Autotronics notes by YUNUS JABALPURWALA (BE – Auto) Batch 2008. MHSSCoE


64
Appendix – II – Simplified Wiring Circuit of a Car

Appendix – II –Simplified Wiring Circuit of a Car

Above figure gives a basic idea of the wiring in the car and the overview of their connection with the common ground,
and different switches for each.
1. CHARGING CIRCUIT: it consists of the generator (dynamo or alternator), a regulator. The generator is run by a pulley
and belt arrangement which directly runs from the engine crankshaft.

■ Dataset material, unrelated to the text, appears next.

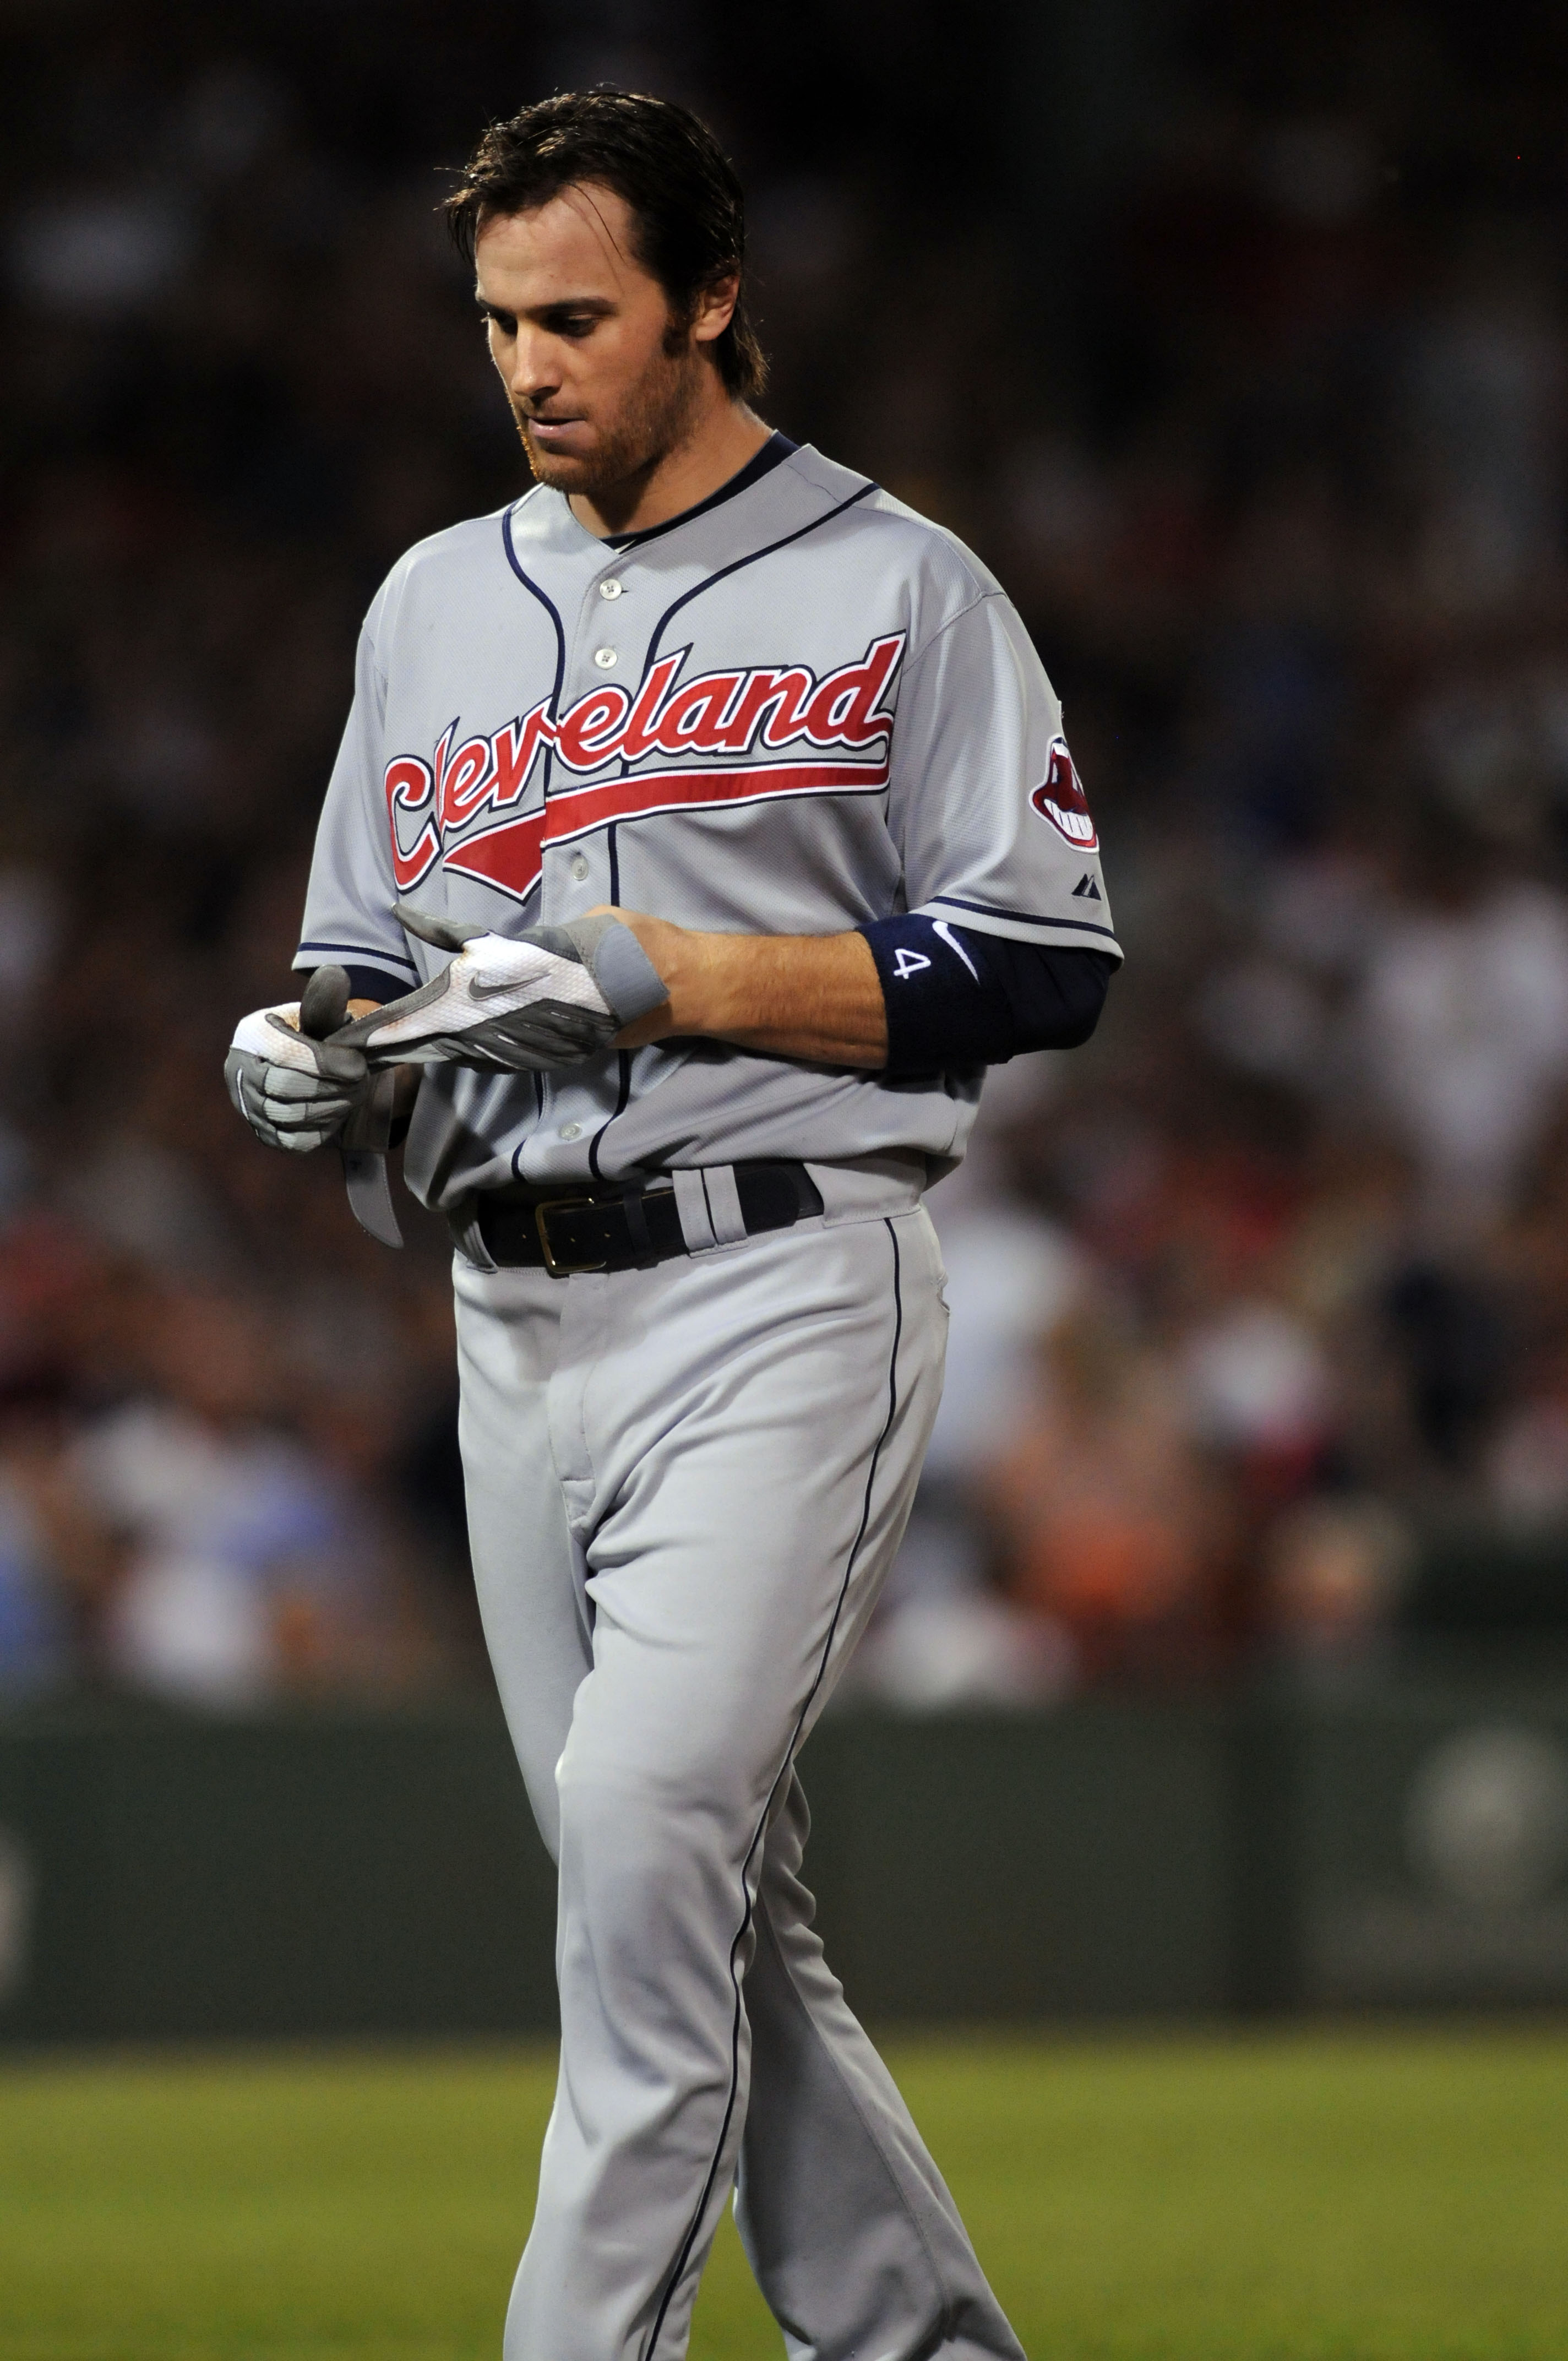 BOSTON, MA - AUGUST 5:  Trevor Crowe #4 of the Cleveland Indians walks off after grounding out against the Boston Red Sox August 5, 2010 at Fenway Park in Boston, Massachusetts. (Photo by Darren McCollester/Getty Images)

See Chapter 4 for details.
2. STARTING CIRCUIT: it contains the starter motor which attaches to the pinion on starting the engine via a suitable
drive. It rotates the flywheel, hence starting the engine. See Chapter 5 for details.
3. LIGHTING CIRCUIT: Head lamps, Tail lamps, Blinkers, Interior lamps etc are all connected in parallel. It must be noted
that they glow in pairs only. 2 head lamps or 2 tail lamps, 2 brake lamps, or 2 blinker lights (on the same side). These
are connected in series to one switch, however they themselves are parallel for fail safe design. The horn is also
shown in this circuit. See Chapter 10, Chapter 11 for details.
4. IGNITION CIRCUIT: it contains the distributor and the spark plugs. It is only found in SI engines. See chapter 6 for de-
tails.
5. ACCESSORIES: all remaining accessories are put in here, in parallel, with a separate switch for each. See chapter 11
for some of the accessories details.